Unable to train on AWS SageMaker

I am following the wpilib tutorial for machine learning. I’ve gotten to step 6 on the training instructions, but I keep getting the following error:

An error occurred (ValidationException) when calling the CreateTrainingJob operation: Access denied for repository: wpi-cpu in registry ID: 249838237784. Please check if your ECR repository and image exist and role arn:aws:iam::416515258441:role/service-role/AmazonSageMaker-ExecutionRole-20200126T110350 has proper pull permissions for SageMaker: ecr:BatchCheckLayerAvailability, ecr:BatchGetImage, ecr:GetDownloadUrlForLayer

I am using SageMaker in the us-west-1 region.

We are aware that you will get an exception while trying to train your model with the Jupyter notebook. The WPILib team and Amazon are working hard on a solution and hope to have something in the next few days. Until we do, you will not be able to train your models. We will post the status here as it changes, so please check back often. We are very sorry that this issue occurred and hope to get it resolved as quickly as possible.

Per the frc-docs page

3 Likes

Is there any known ETA for when this will be fixed?

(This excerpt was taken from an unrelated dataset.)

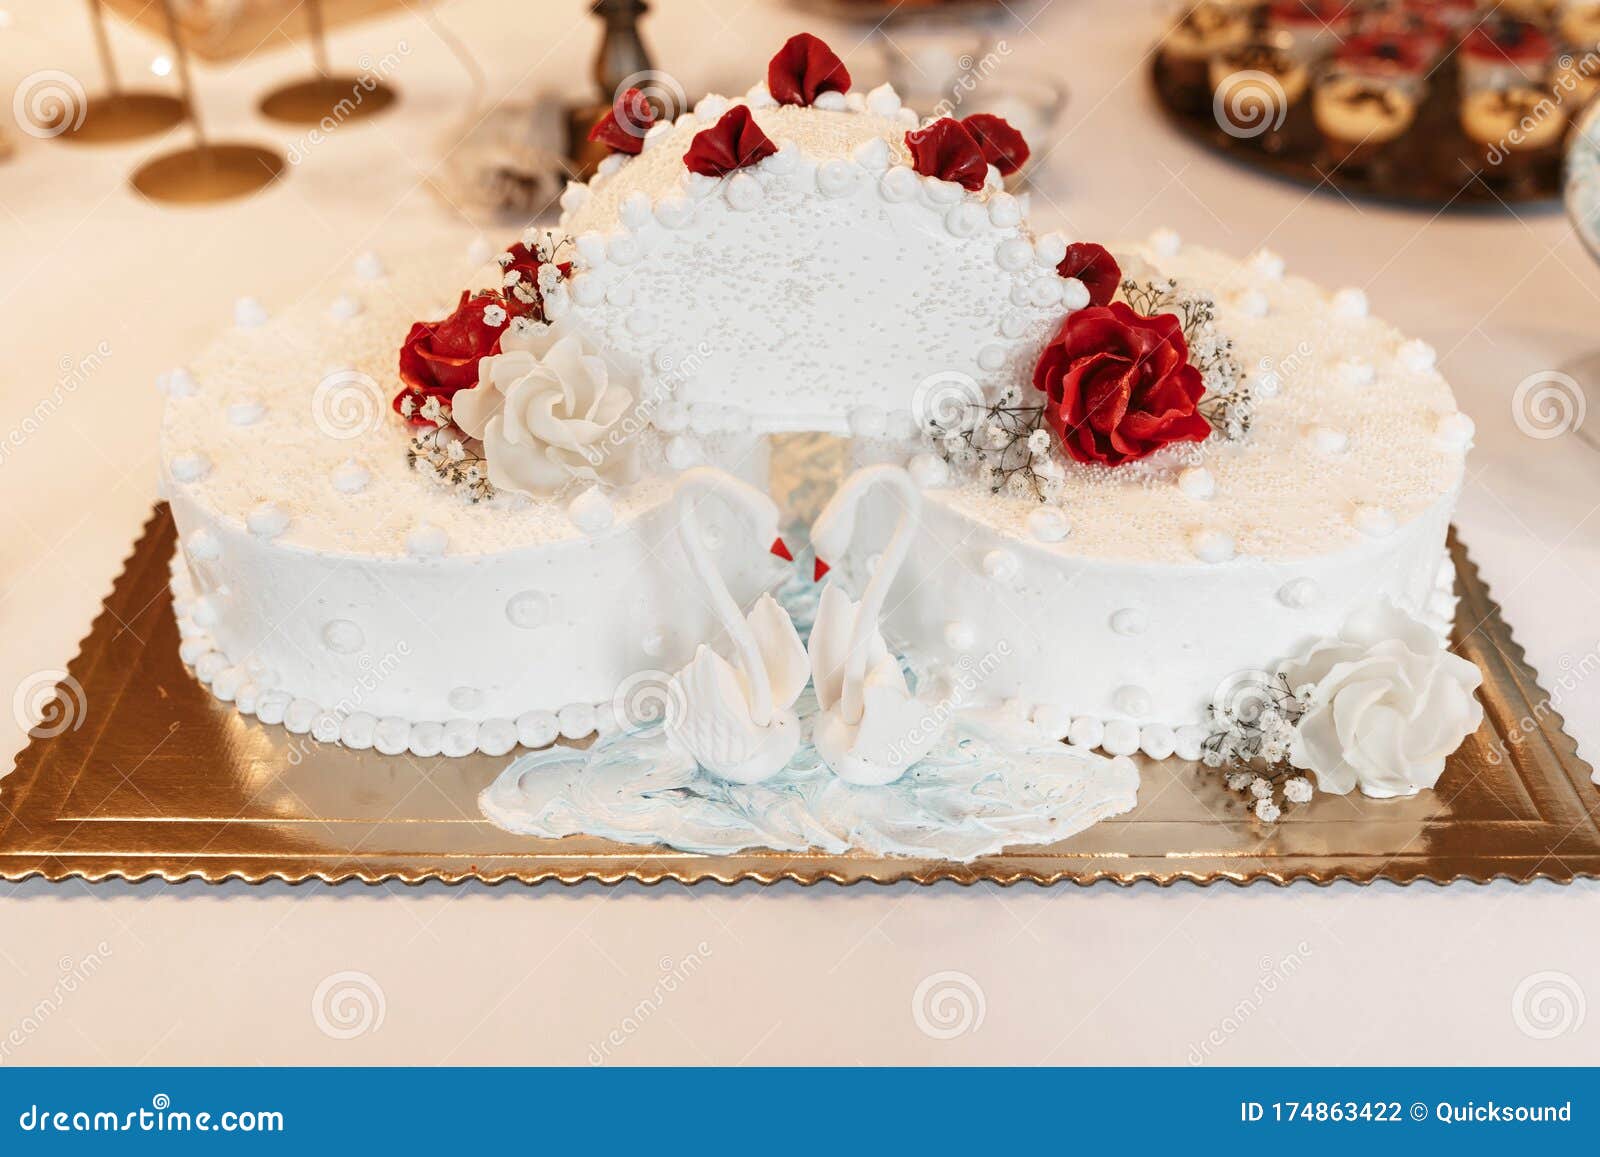 White Wedding Cake with Two Sugary Swans and Red Roses Stock Photo ...

There is not a set date, yet. We will keep the community updated. Sorry for the inconvenience.

I managed to get past the original error by building the image myself. However, when I being to train, I get the following in the logs:

Downloading model.
Successfully created the TFRecords: /opt/ml/input/data/training/train.record.
Successfully created the TFRecords: /opt/ml/input/data/training/eval.record.
Records generated.
Hyperparameters parsed.
Traceback (most recent call last):
File “accuracy.py”, line 59, in
main()
File “accuracy.py”, line 30, in main
checkpoint_max = max(checkpoint_nbs)
ValueError: max() arg is an empty sequence
Beginning training on Docker image.
cp: cannot stat ‘./learn/models/output_tflite_graph.tflite’: No such file or directory
Converting checkpoint to tflite.
rm: cannot remove ‘/opt/ml/model/output_tflite_graph_edgetpu.log’: No such file or directory
mv: cannot stat ‘/opt/ml/model/output_tflite_graph_edgetpu.tflite’: No such file or directory
Compiling model for Edge TPU

And then the error I get from Python is:
UnexpectedStatusException: Error for Training job wpi-cpu-2020-01-27-00-30-28-712: Failed. Reason: AlgorithmError: Exit Code: 1

I’m not sure if this was the error that was expected or if it helps at all.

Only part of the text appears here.